Print the line containing "Basso Angolo di" and all lines after it, unchanged, through the end of the data. Leave the pictures out.

Given data:

BEGIN

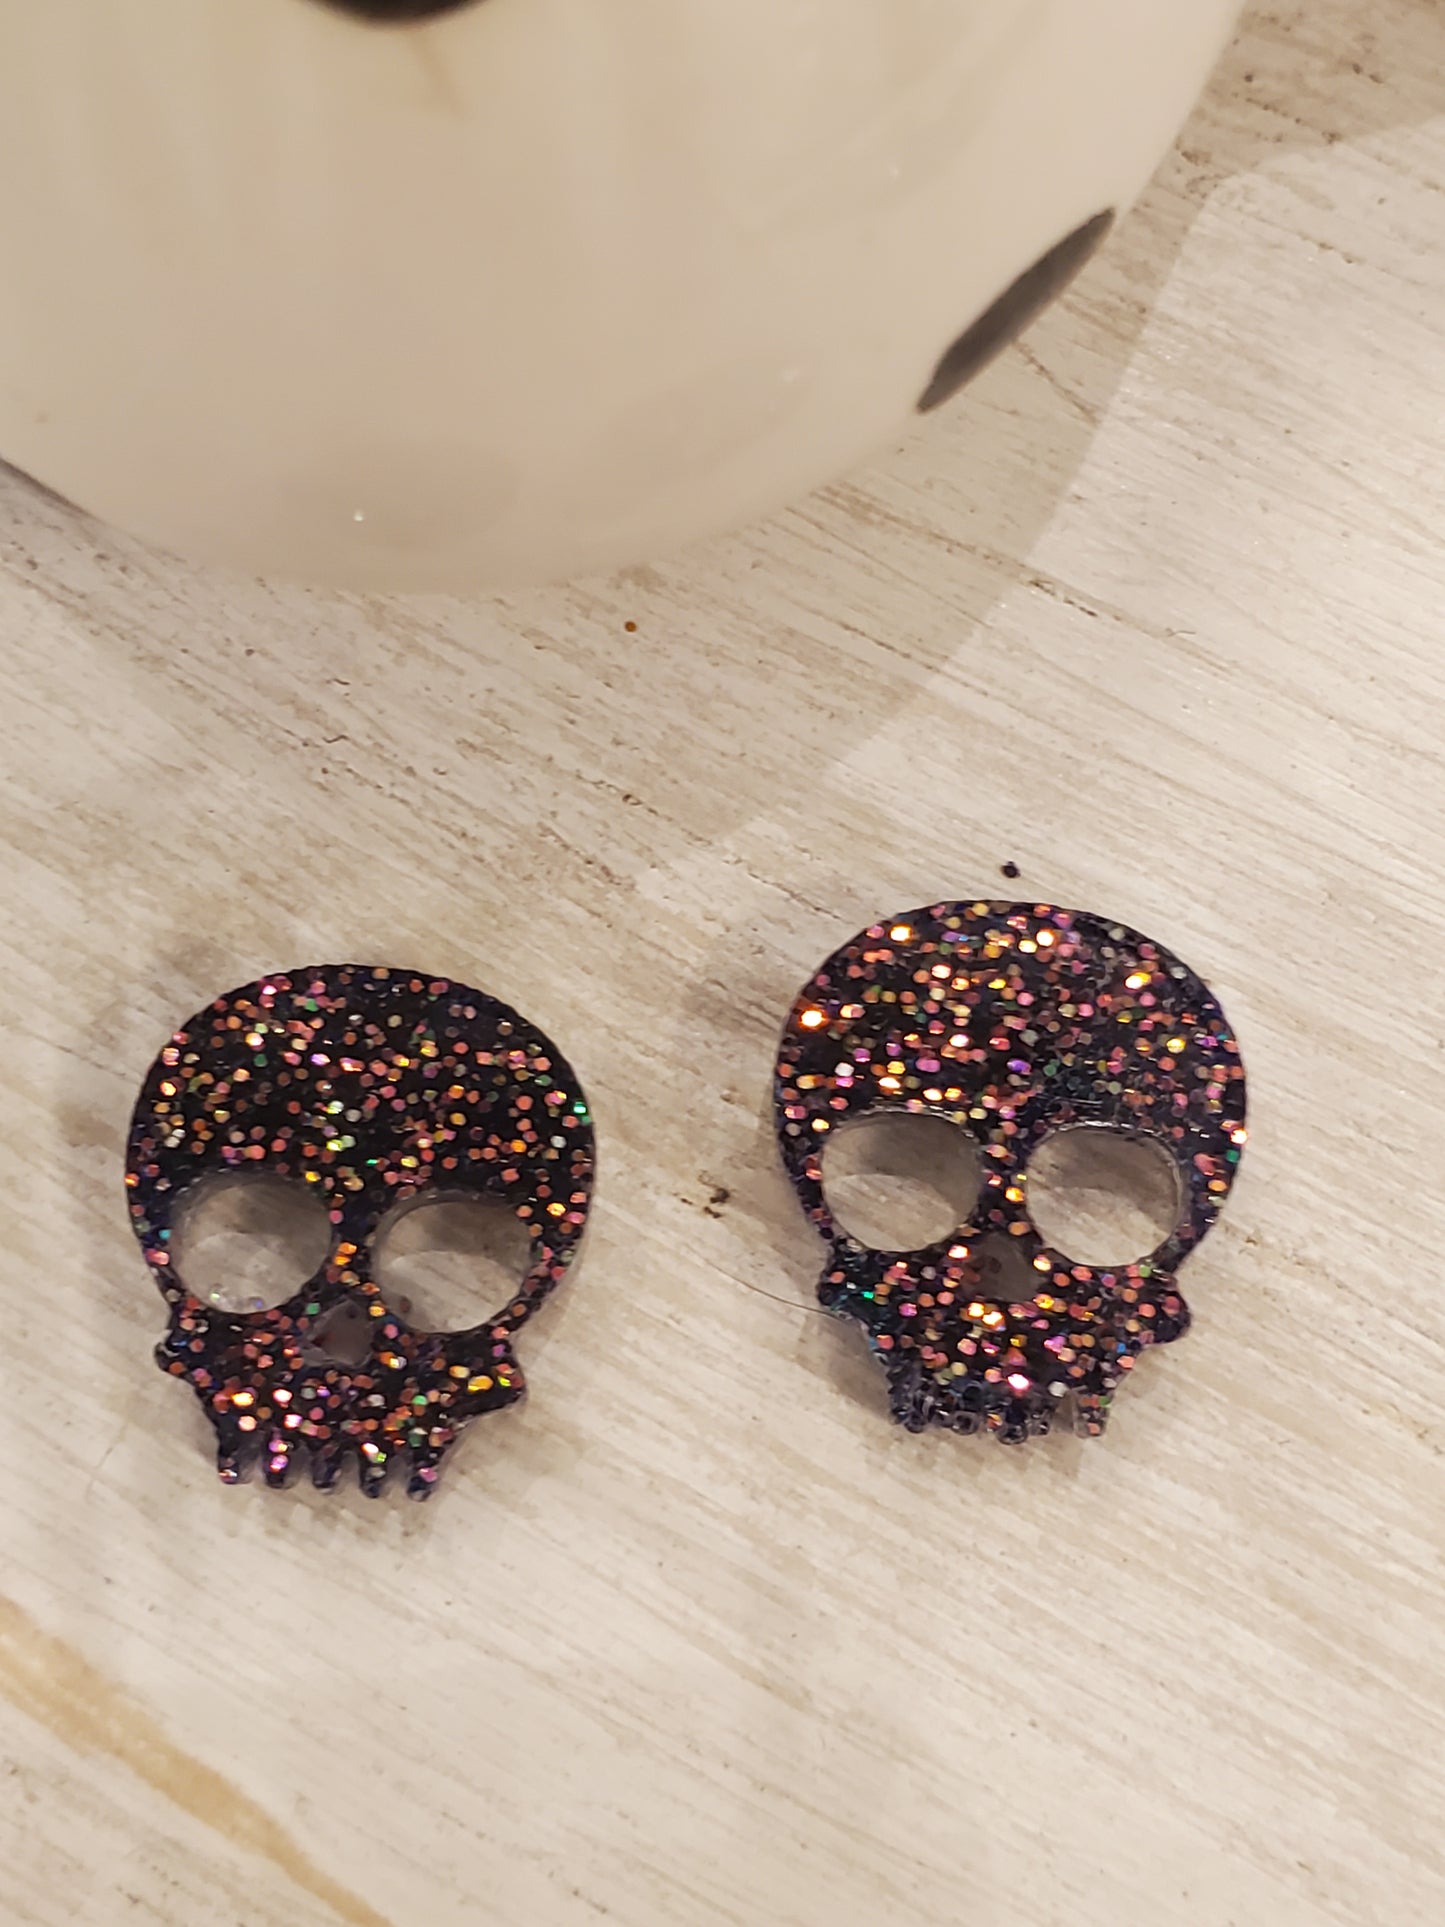 Handmade resin and glitter Skull Multi earrings small studs
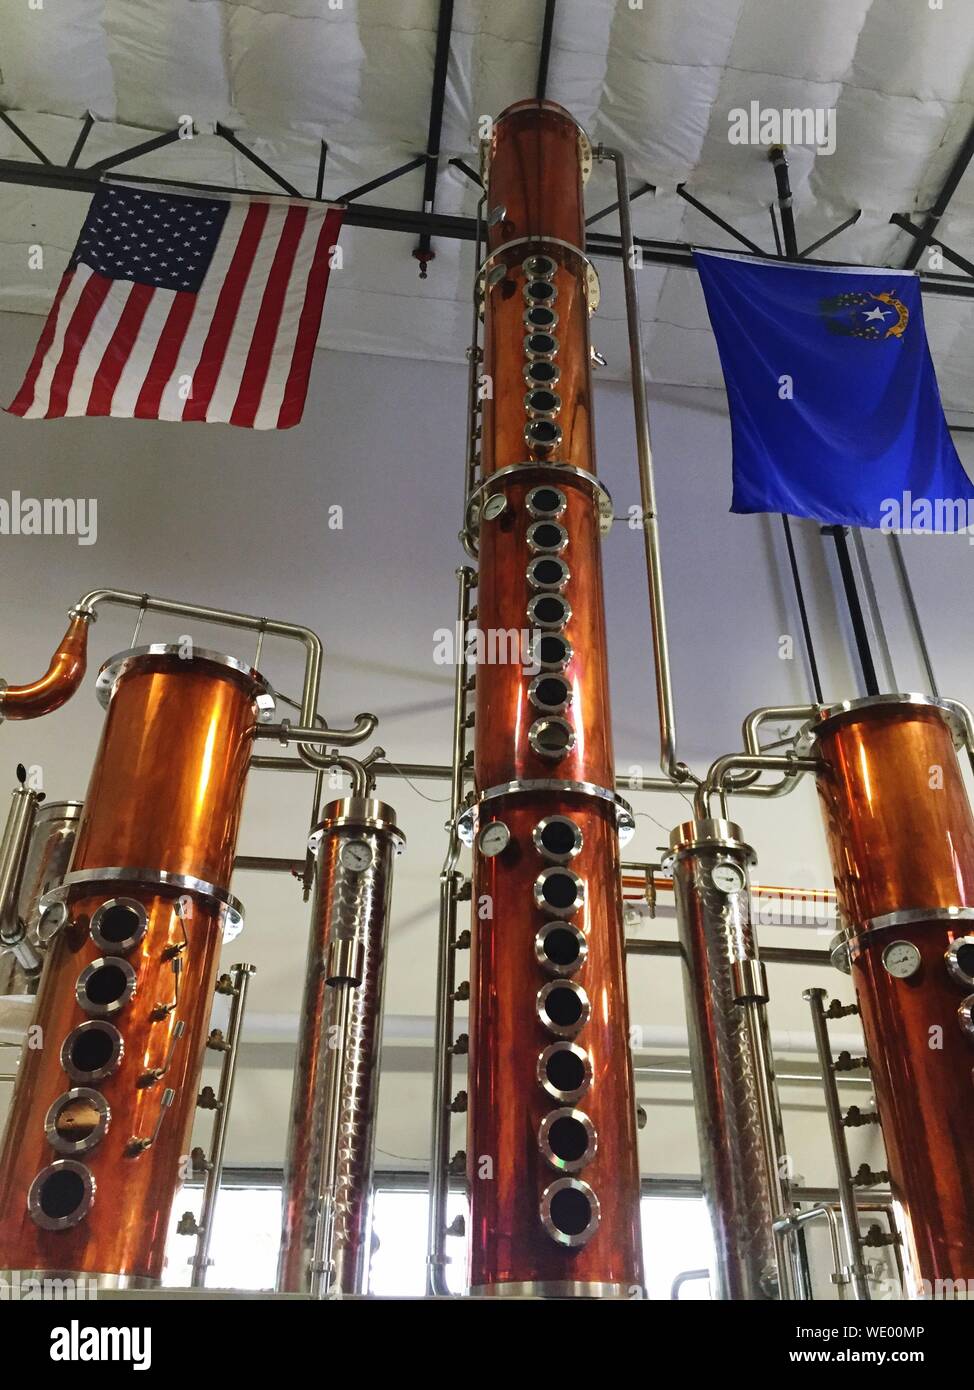 Basso Angolo di visione del calibro di profondità in alambicchi di rame in distilleria Foto Stock
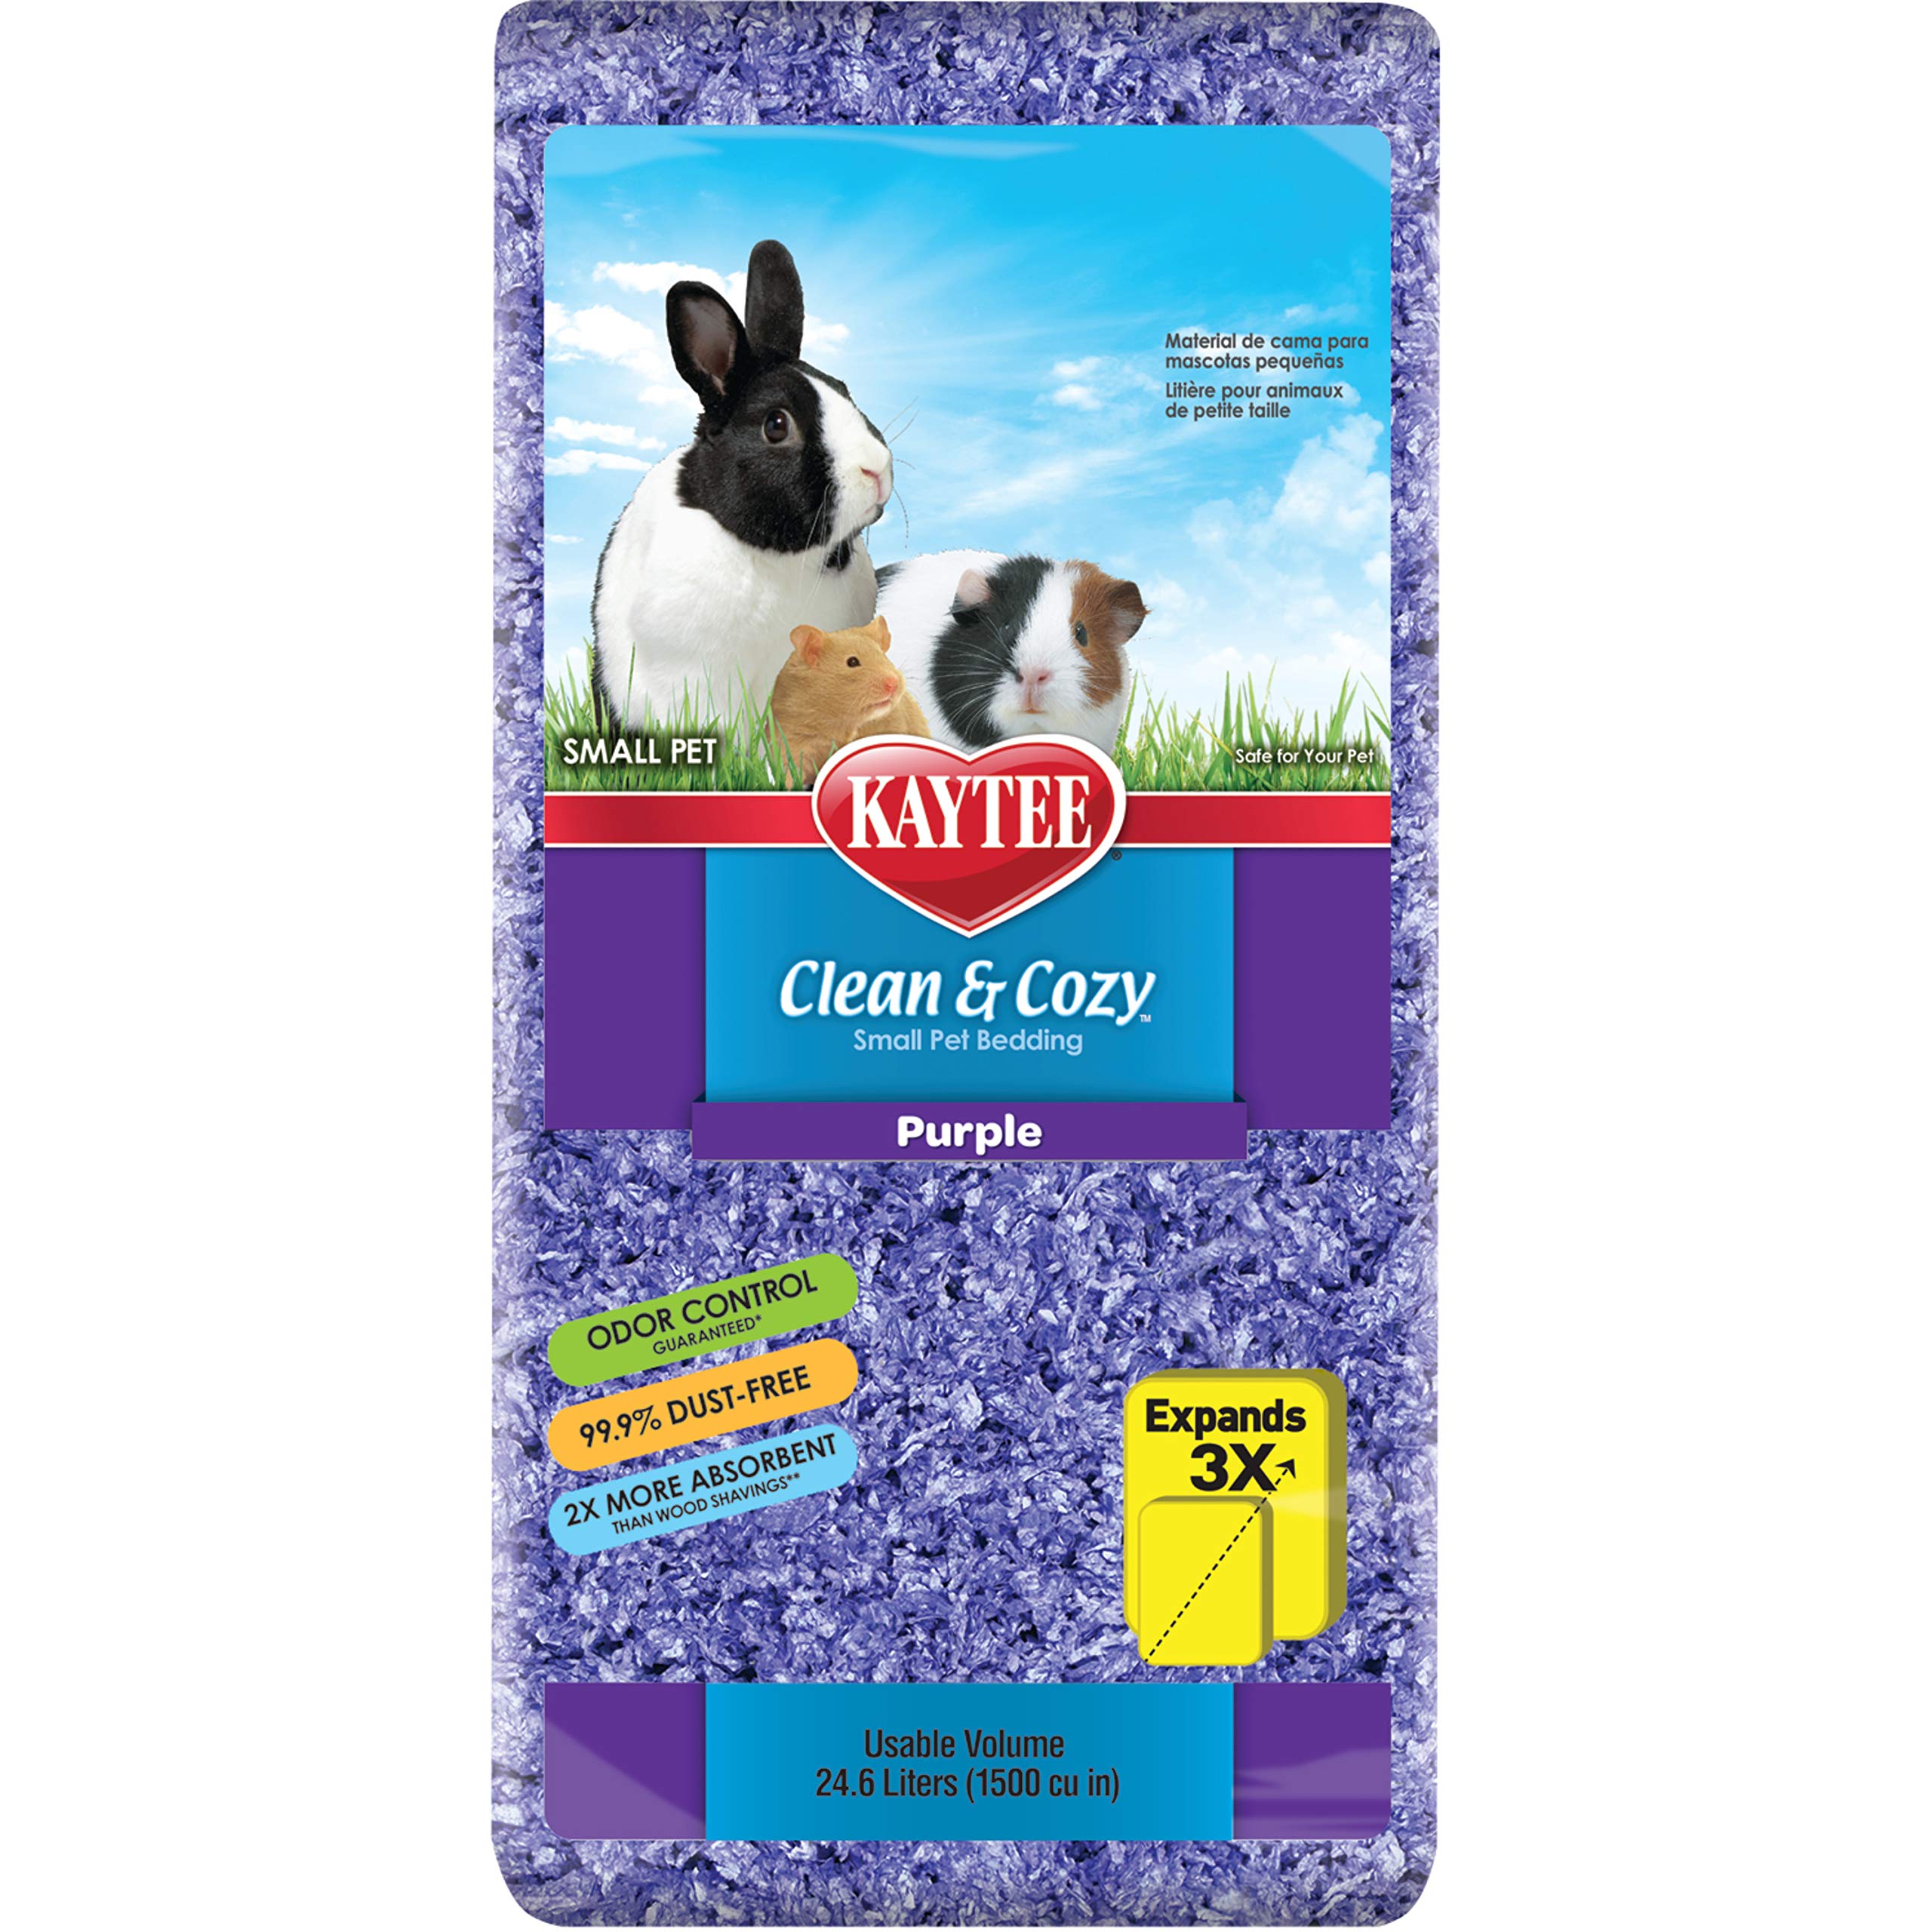 Kaytee 894658 Clean & Cozy Streu für kleine Haustiere / Nager / Hamster, 99.9 % staubfrei, Geruchskontrolle - 24.6 Liter, lila

END

Answer section:
 Basso Angolo di visione del calibro di profondità in alambicchi di rame in distilleria Foto Stock
 Kaytee 894658 Clean & Cozy Streu für kleine Haustiere / Nager / Hamster, 99.9 % staubfrei, Geruchskontrolle - 24.6 Liter, lila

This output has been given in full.